In a surprising finding, they discovered that the same dose of dexamethasone resulted in 4-fold lower serum concentrations in both maternal and fetal plasma and had no significant effect on lung maturation. However, based on limited human pharmacokinetic data,4,13,14,15,16 the difference between dexamethasone and betamethasone bioavailability observed in sheep does not occur in humans. In addition, the maternal:fetal distribution is different in sheep than in humans, requiring higher dosing in the sheep. These species differences serve as a reminder of the need to be vigilant regarding the limitations of animal models for human biology. The numerous obstacles to studying corticosteroid pharmacokinetics and biologic effects in pregnant women and fetuses will be difficult to surmount, but it is encouraging that a comparative pharmacokinetic study is underway in women (NCT03668860). The current report provides clear proof of principle that, in the sheep, oral administration of betamethasone enhances lung maturation. In addition, these results suggest that a lower dose of oral betamethasone or dexamethasone phosphate may provide efficacy comparable to Celestone while decreasing peak fetal exposure for human infants.

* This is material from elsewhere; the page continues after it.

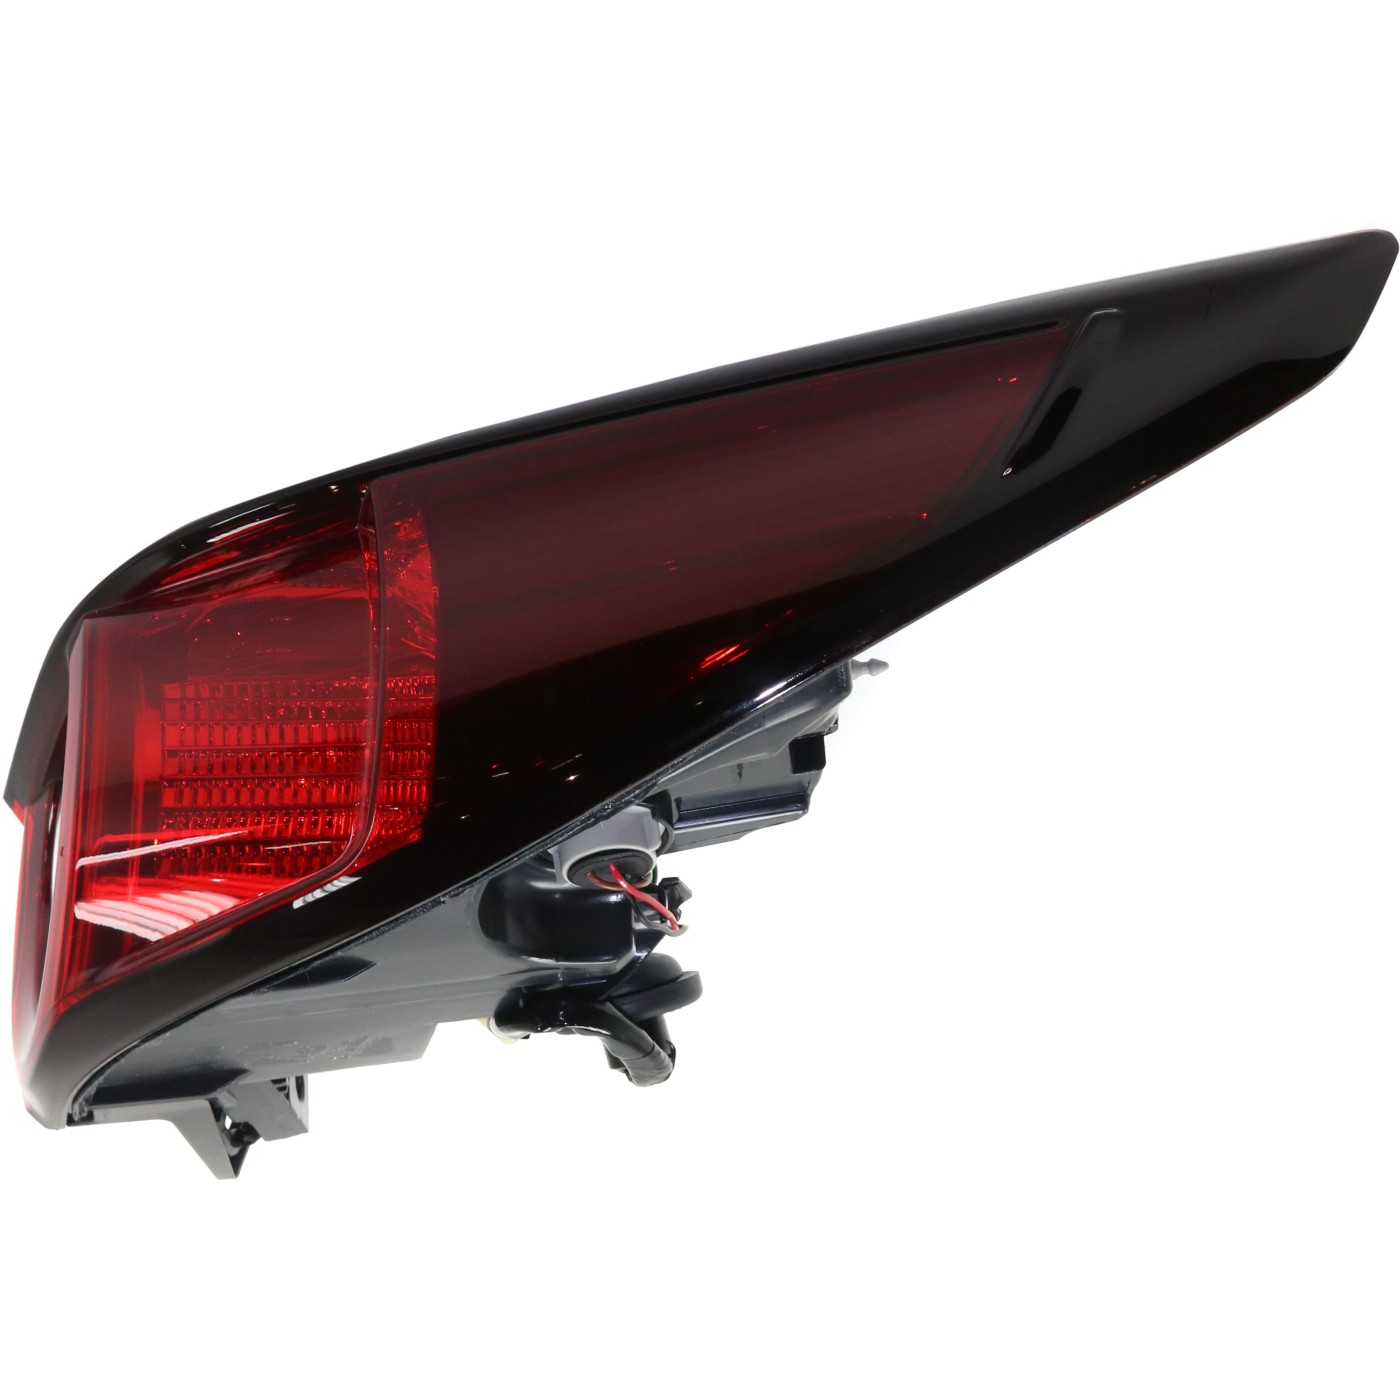 Tail Light Assembly For 2017-2018 Mazda CX-5 Passenger Side Outer Halogen | eBay 2018 Mazda Cx 5 Tail Light Replacement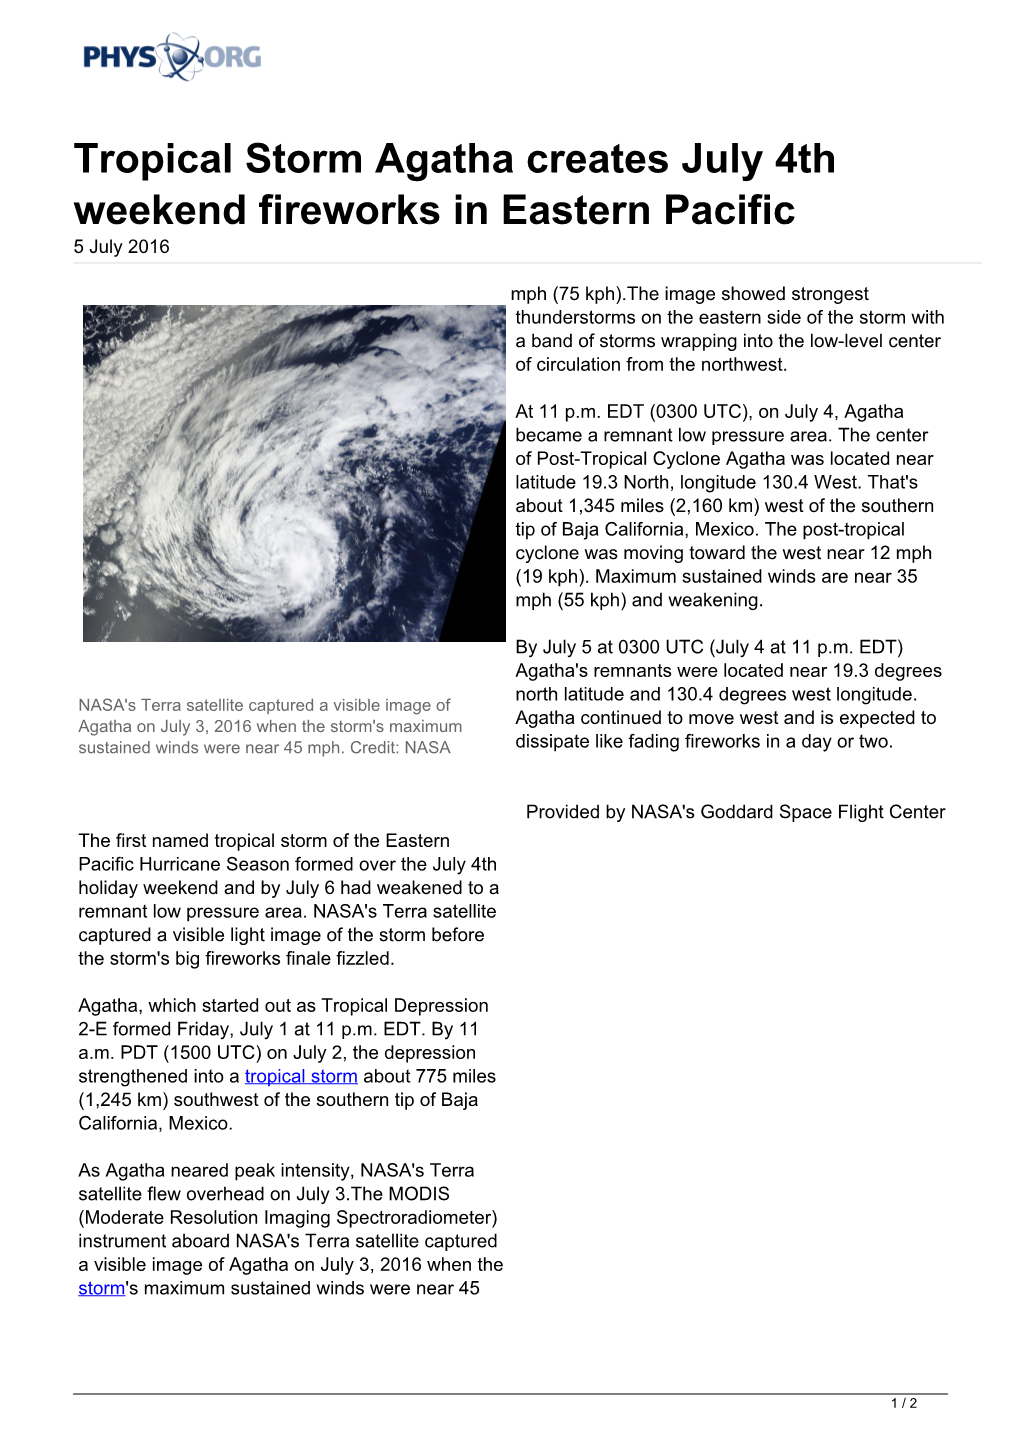 Tropical Storm Agatha Creates July 4Th Weekend Fireworks in Eastern Pacific 5 July 2016

Oral dosing of ACS for lung maturation in human newborn infants would be a lower cost, more easily accessible treatment option, potentially leading to broader global adoption. However, the unexpected increase in infections and neonatal mortality seen in a previous trial of ACS (IM dexamethasone) in low–middle-income countries is a reminder that numerous known and unknown factors will influence outcomes in different countries and health care delivery settings.17 Citing a “clear justification for further randomized controlled trials to evaluate the efficacy of ACS in facility settings in lower-income countries,” the World Health Organization established an international research collaboration to undertake two trials of antenatal corticosteroids in pregnancies at risk of preterm delivery, one enrolling women before 34 weeks gestation and the second between 34 and 36 weeks gestation.18

If proven beneficial through careful clinical trials with comprehensive evaluation, a lower dose and oral administration would be an enormous step toward making “the most effective underutilized treatment available to improve outcomes for fetuses at risk for preterm delivery8” more globally available and safer. Ultimately, children and society in general will be best served by improved availability and resources for family planning and perinatal care combined with optimal preventative therapy for improving the outcome of infants born prematurely.